Tepat sepertiga malam, Mawar terbangun. Dia menatap wajah Agung, lalu mengecup kening Agung.
"Hmm, hanny jam berapa ?" Tanya Agung.
"Jam 3 jelang pagi mas." Jawab Mawar.
"Yuk sholat." Ajak Agung.
"Ya." Jawab Mawar.
Mereka kini langsung keluar dan berwudhu, lalu sholat.
"Mas." Panggil Mawar.
"Hmm." Jawab Agung lalu menghentikan langkahnya.
"Hari ini kamu jadi daftar nikah kita ?" Tanya Mawar.
"Jadi sayang, kenapa udah enggak sabar ya ?" Tanya Agung seraya tersenyum.
"Bukan gitu mas, tapi apa bisa ?" Tanya Mawar.
"Insyaa ALLAH bisa." Jawab Agung.
"Aamiin." Jawab Mawar lega.
"Aamiin, kenapa kamu pasti takut ya ?" Jawab dan tanya Agung.
"Bukan takut mas, tapi aku ingat pesan almarhumah ibu." Jawab Mawar.
"Iya sayang, aku tahu." Jawab Agung lalu mengecup bibir Mawar.
"Ish, mulai deh." Ucap Mawar.
"Mulai apa ?" Tanya Agung.
"Mulai ambil kesempatan dalam kesempitan." Jawab Mawar kesel.

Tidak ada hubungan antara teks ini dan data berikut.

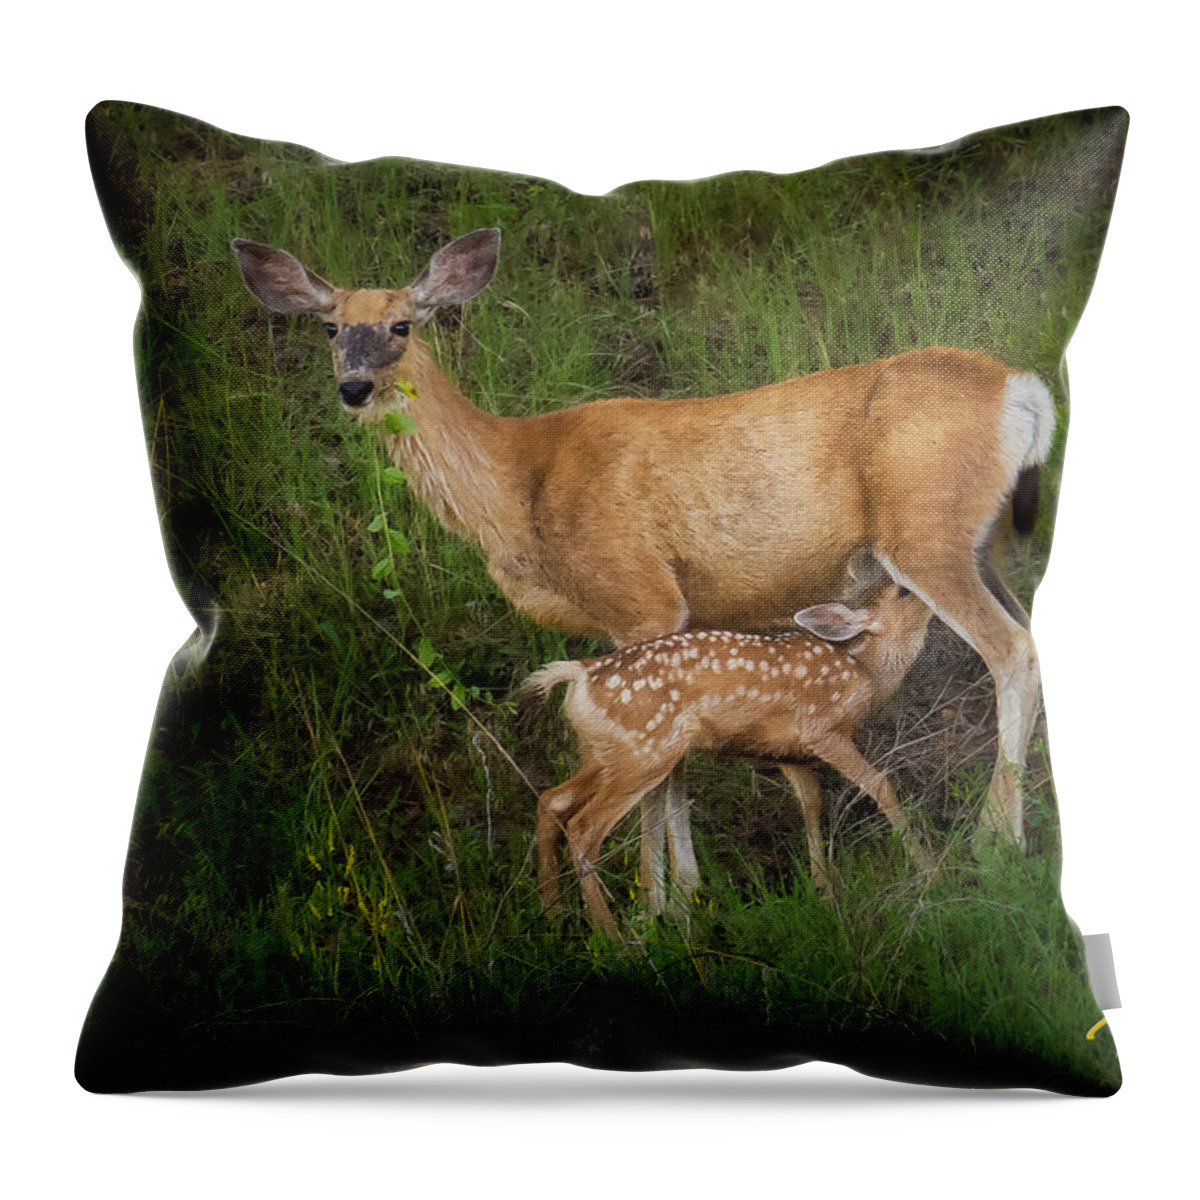 Animals Throw Pillow featuring the photograph Feeding Fawn by Rikk Flohr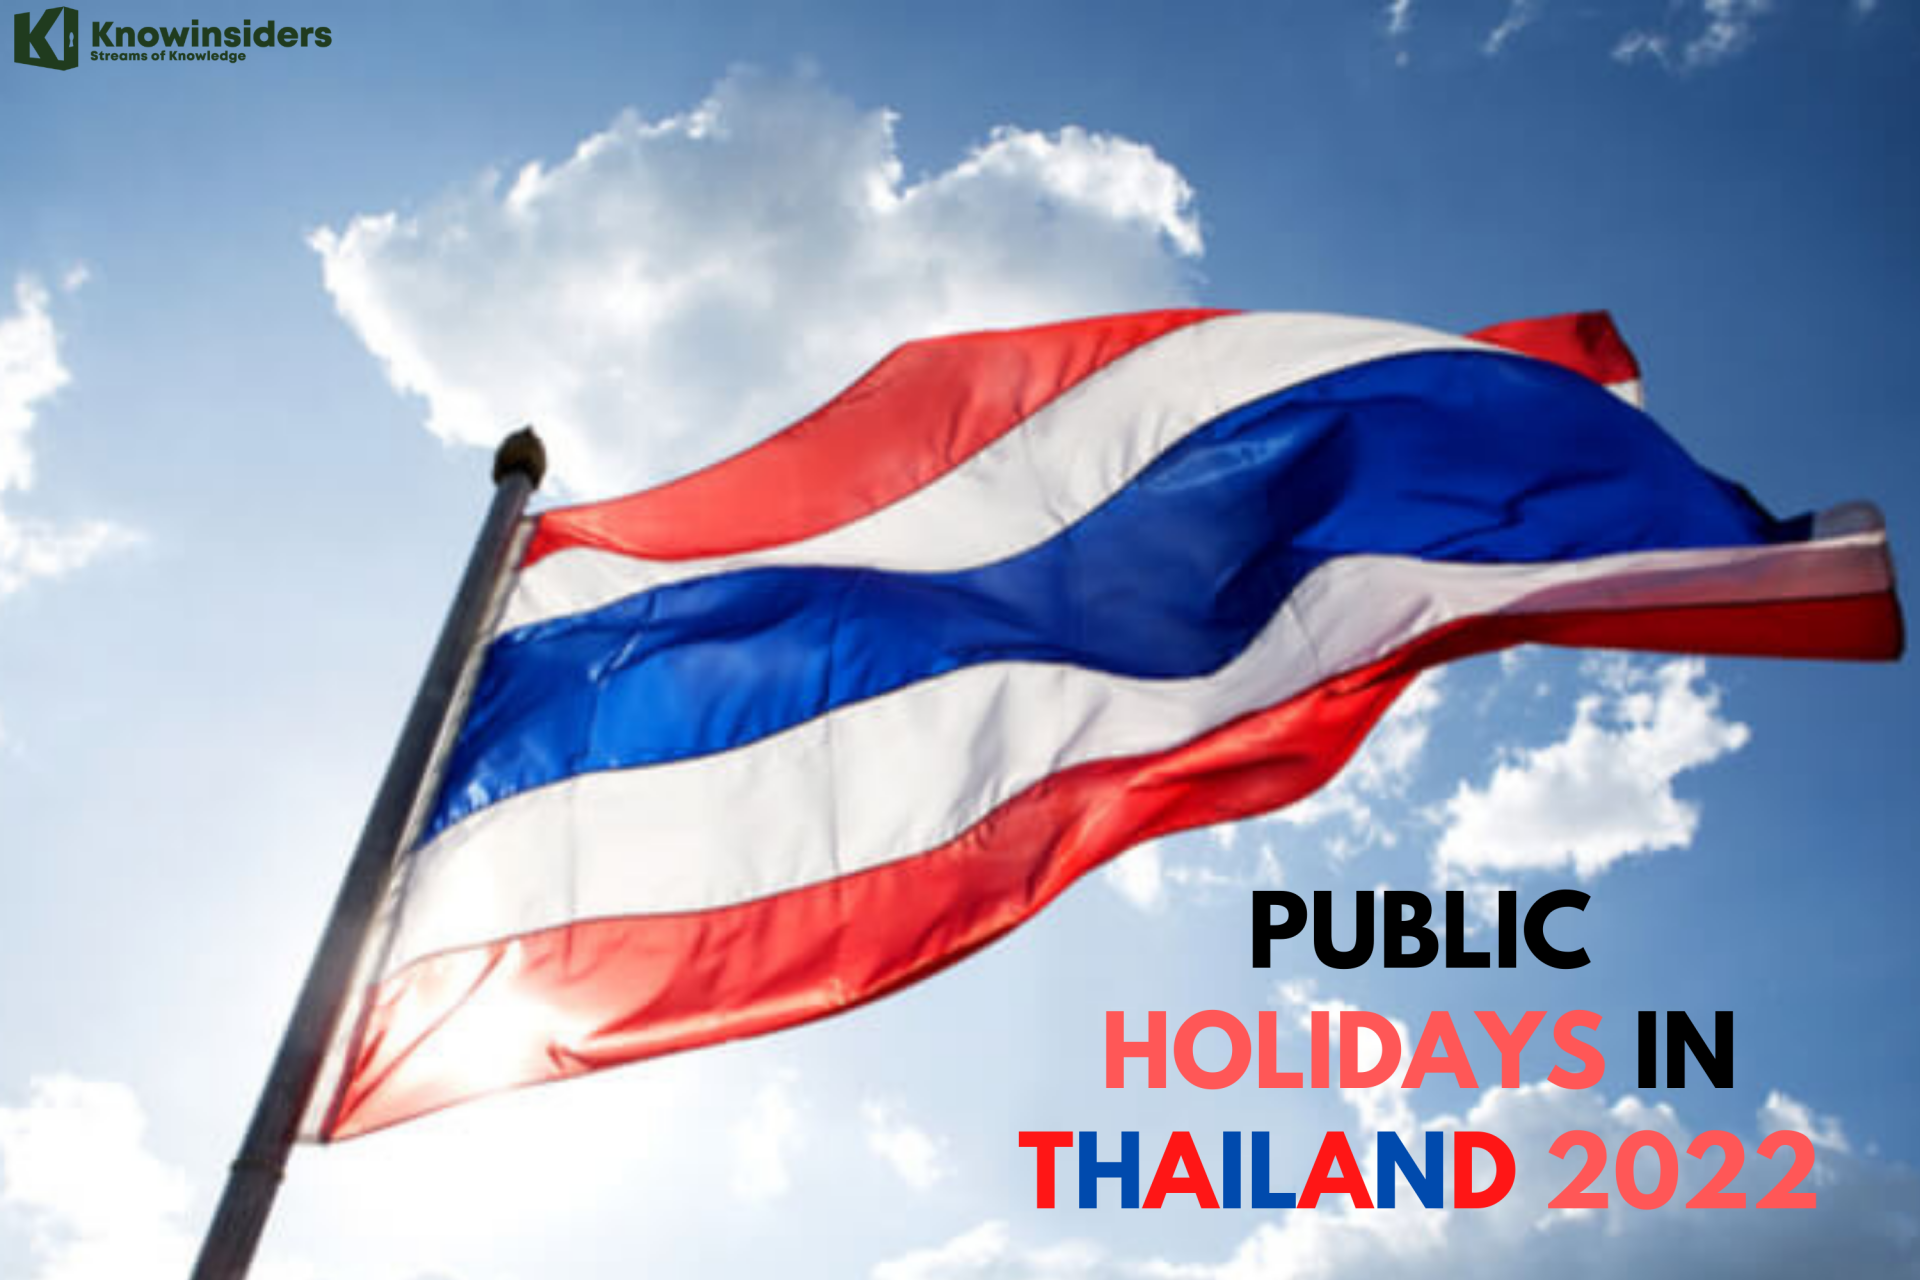 The Most Important Public Holidays in Thailand In 2022

"Kan kita sudah sah." Ucap Agung.
"Tahu ah." Jawab Mawar.
"Gelap enggak ?" Tanya Agung.
"Putih seputih warna kulitmu." Jawab Mawar.
"Terang dong." Ucap Agung.
"Kamu tanya ?" Tanya Mawar.
"Enggak tanya, tapi bertanya." Jawab Agung.
"Sama saja babang." Ucap Mawar.
"Beda mimin."Jawab Agung.
"Sama." Ucap Mawar lagi.
"Beda istriku, bedanya terletak di huruf depan." Jawab Agung.
"Hmm, ber." Ucap Mawar.
"Ya." Jawab Agung dengan tersenyum.
"Dingin dong." Ucap Mawar.
"Dingin, maksudnya ?" Tanya Agung.
"Ya kan berrr, hii dingin." Jawab Mawar sambil menirukan gerakan orang yang sedang kedinginan.
"Haha ya betul, tapi bukan itu hanny, bunny, swetyku." Ucap Agung dengan tertawa.
"Terus ?" Tanya Mawar.
"Terus nabrak kamu, aku jadi makin wiu-wiu." Jawab Agung bercanda.
"Ish, mulai deh ditanya serius, jawabnya ngebanyol." Ucap Mawar.
"Cie marah ya ?" Tanya Agung.
__ADS_1
"Enggak." Jawab Mawar dengan cemberut.
"Enggak apa, enggak salah atau enggak benar atau enggak nolak ?" Tanya Agung dengan berbisik.
"Ck, salah semua." Jawab Mawar.
"Terus apa dong ?" Tanya Agung seraya menghampiri Mawar.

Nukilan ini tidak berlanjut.